TASK - Nothing but the text should be carried over: reproduce all the data exactly and leave out every image.

DATA -

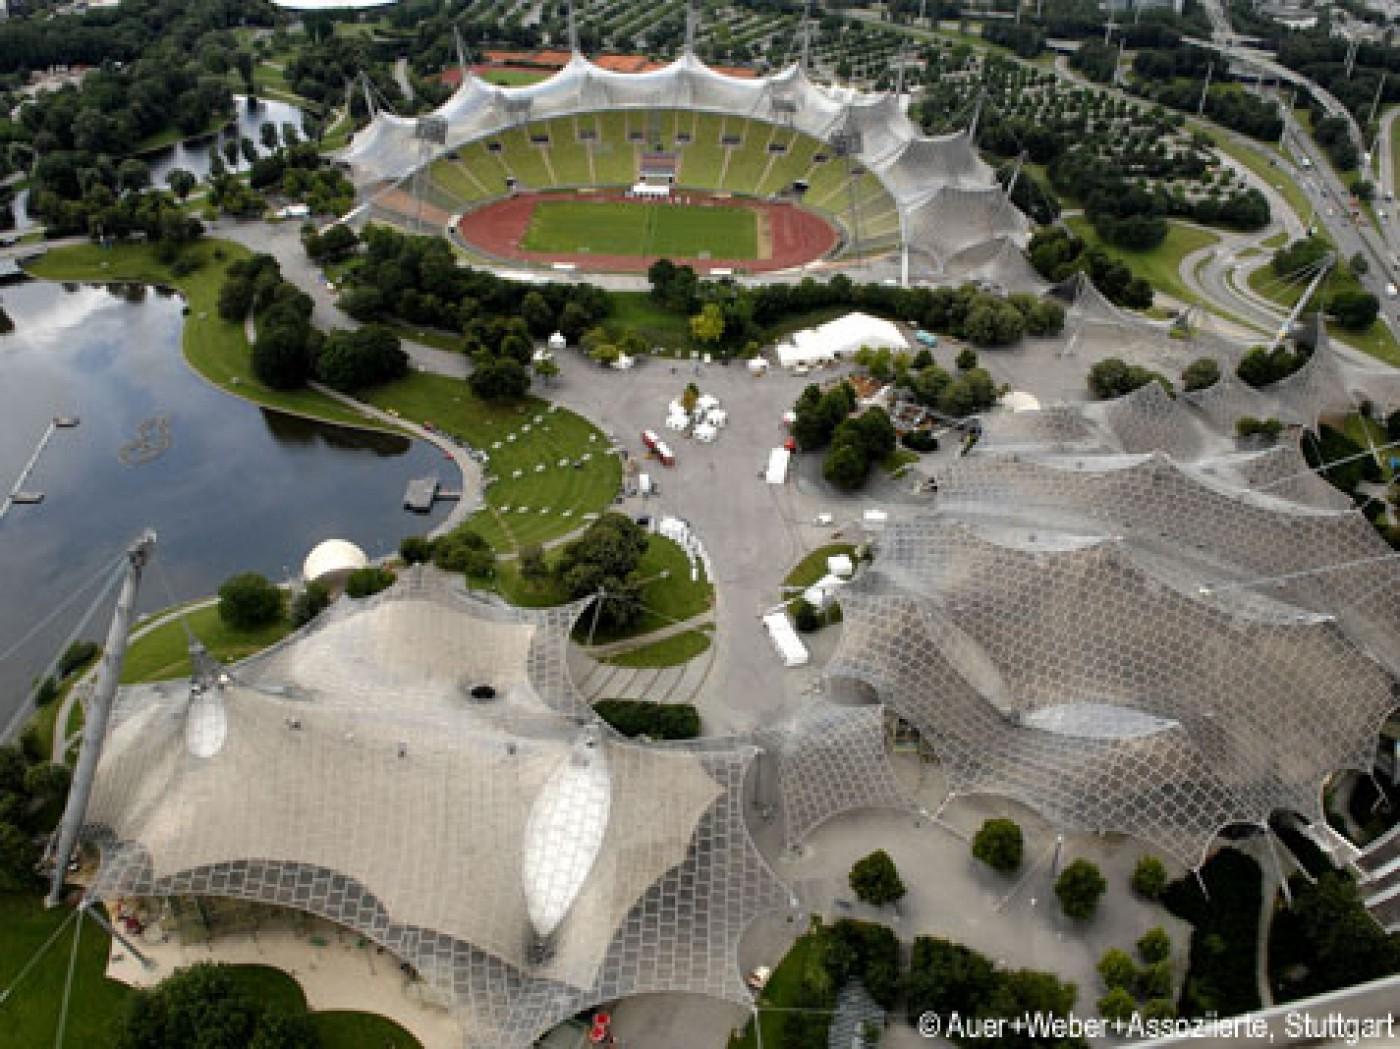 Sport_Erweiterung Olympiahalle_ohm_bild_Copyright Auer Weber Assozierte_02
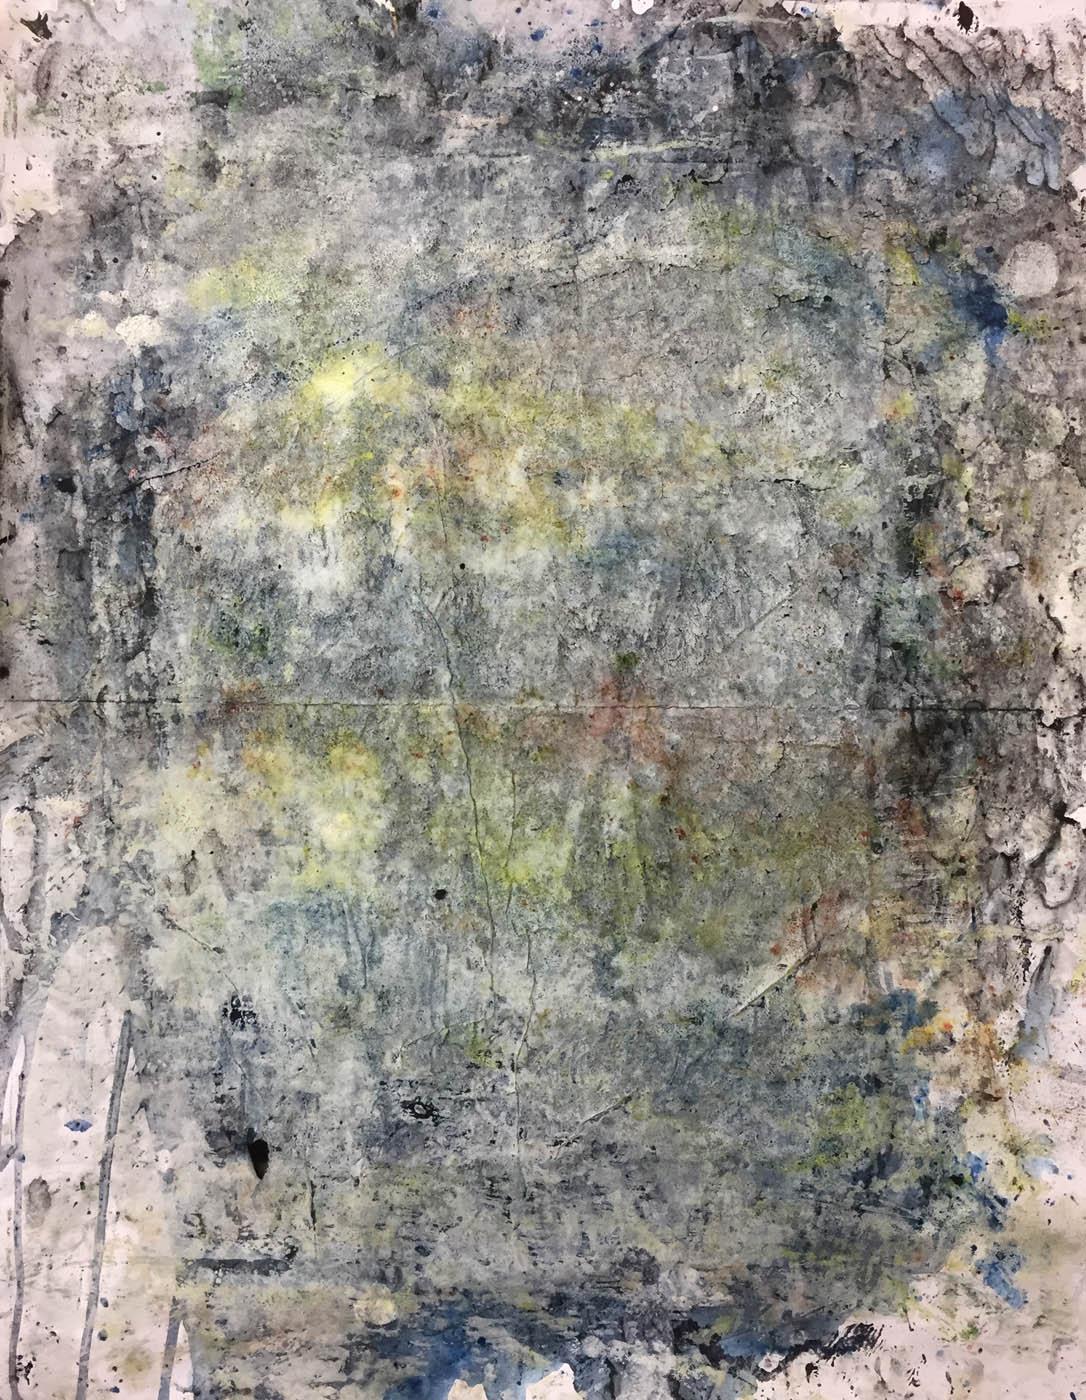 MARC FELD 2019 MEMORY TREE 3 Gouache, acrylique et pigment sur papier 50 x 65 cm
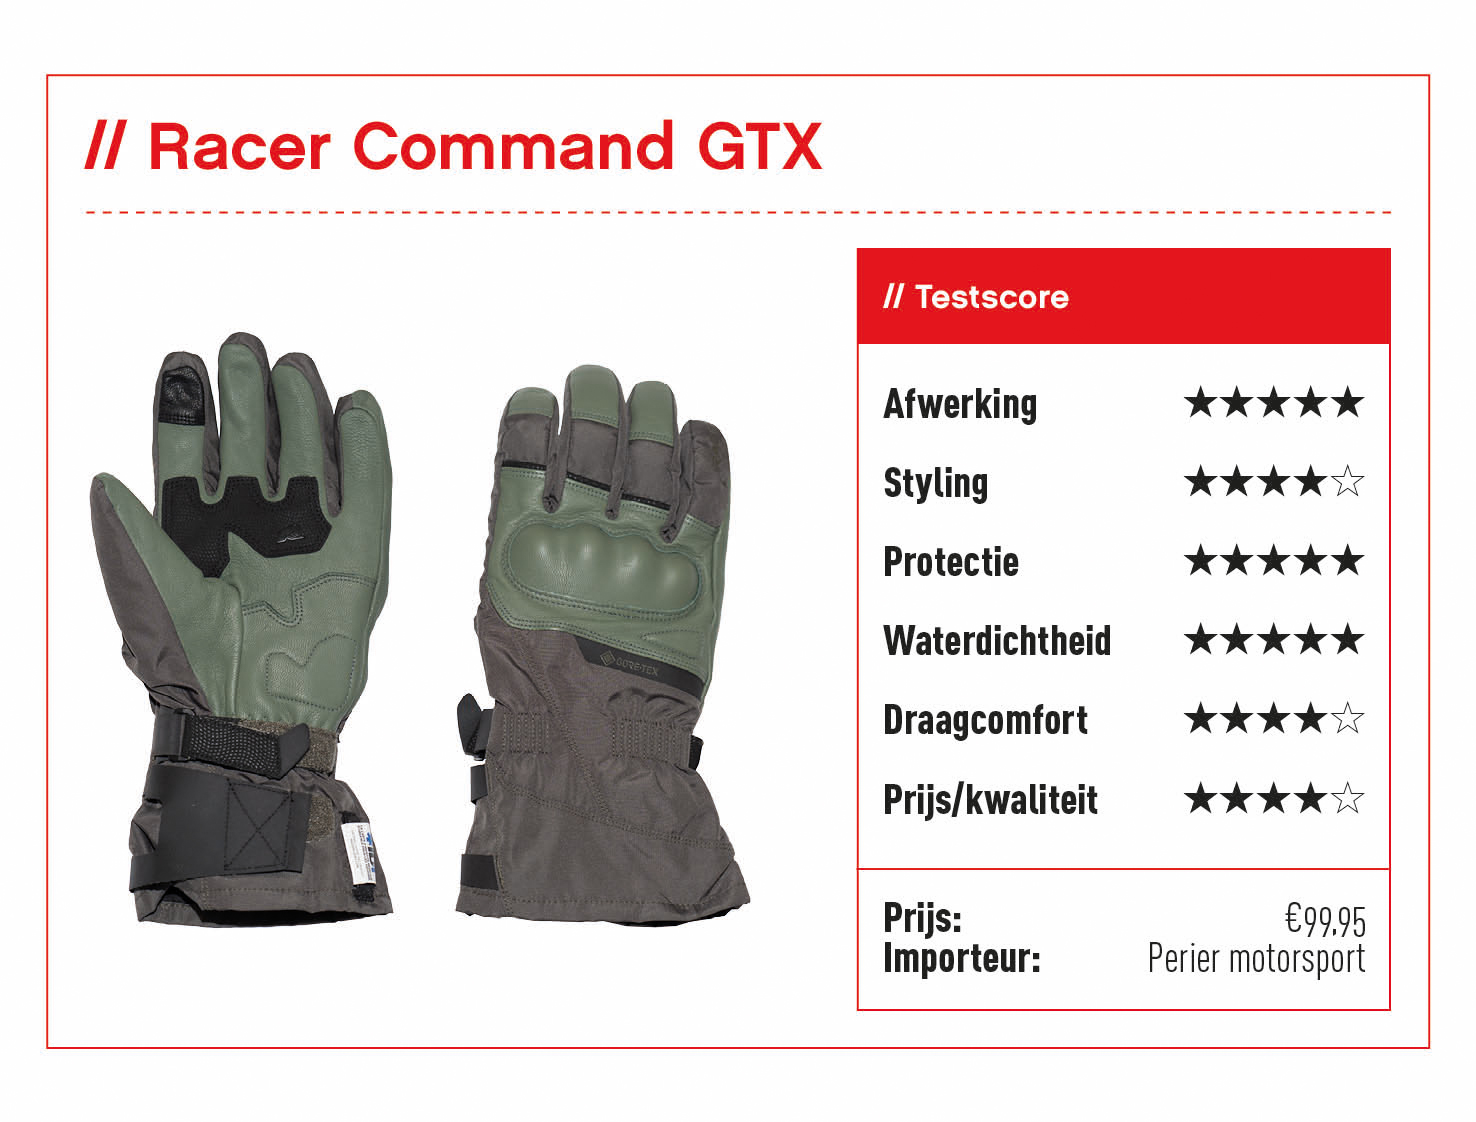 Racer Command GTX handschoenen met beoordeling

EXERCISE ANSWER -
 Sport_Erweiterung Olympiahalle_ohm_bild_Copyright Auer Weber Assozierte_02
 MARC FELD 2019 MEMORY TREE 3 Gouache, acrylique et pigment sur papier 50 x 65 cm
 Racer Command GTX handschoenen met beoordeling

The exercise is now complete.